Hello all! New guy here with a question! I dont normaly ask enless im completley baffald so here goes. I just got a new stereo for my 96 sentra because the original was not working. The person who owned it before took it upon themselves to cut the factory harness leaveing me with bare cables. Ive installed quite a few radios in my days so its not new...just puzzling in this case. Ive connected all speakers the power, battery and ground. So now I still seem to have one extra wire coming out the dash. Now this is where it gets wierd. This wire has messed up my dash lights. Enless I ground this wire to bare metal my dash lights wont work.
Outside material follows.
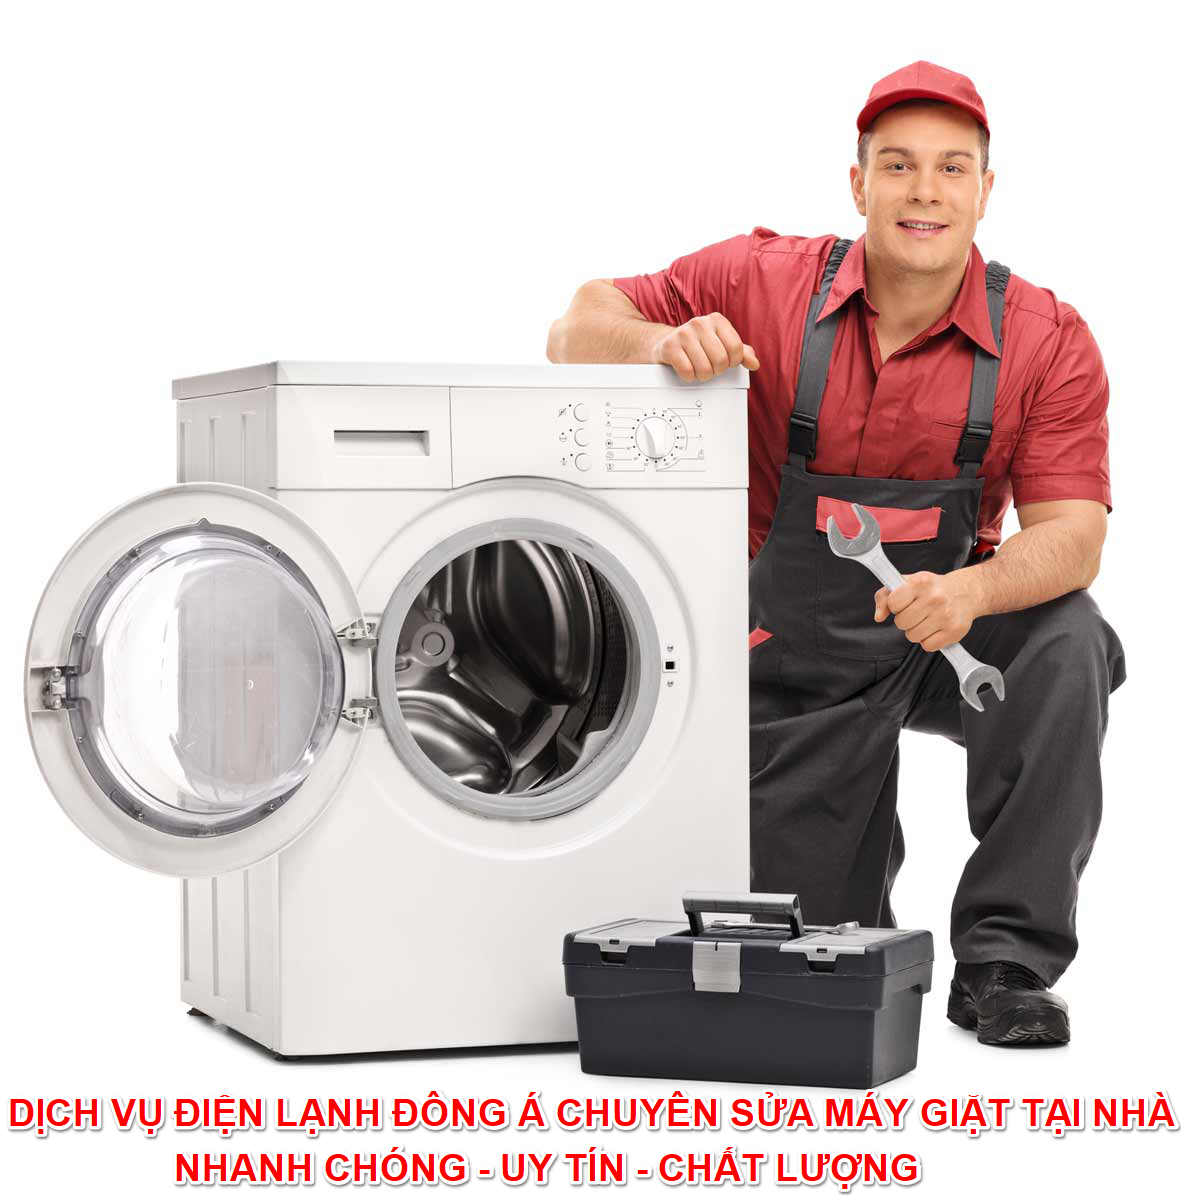 Máy giặt không vào điện nguyên nhân và cách sửa

However if I do ground this wire my stereo wont work and I blow the 10amp tail fuse under the hood by the battery. But then my radio works again and i not only loose my dash lights but also my tail lights and front side lights. can some one tell me exactly what i do with this wire. its a red wire and its striped. but its not power. So I dont know what to do. I tried splicing it in with the radio ground wire but that does nothing.

Thanks in advance!


----------



## Binger (Aug 29, 2002)

I would highly recomend going to bestbuy or a reputable shop and geting whats called a reverse harness. Its used to replace the cut out harneses. It would be so much easier than trying to mess with hard wiring.


----------



## Punkrocka436 (Jul 8, 2003)

look at the Wiring Diagram thread stickied at the top of the forum, it has a scan of the B14 wiring diagram out of a haynes manual

edit for link: http://www.nissanforums.com/showthread.php?t=58865


----------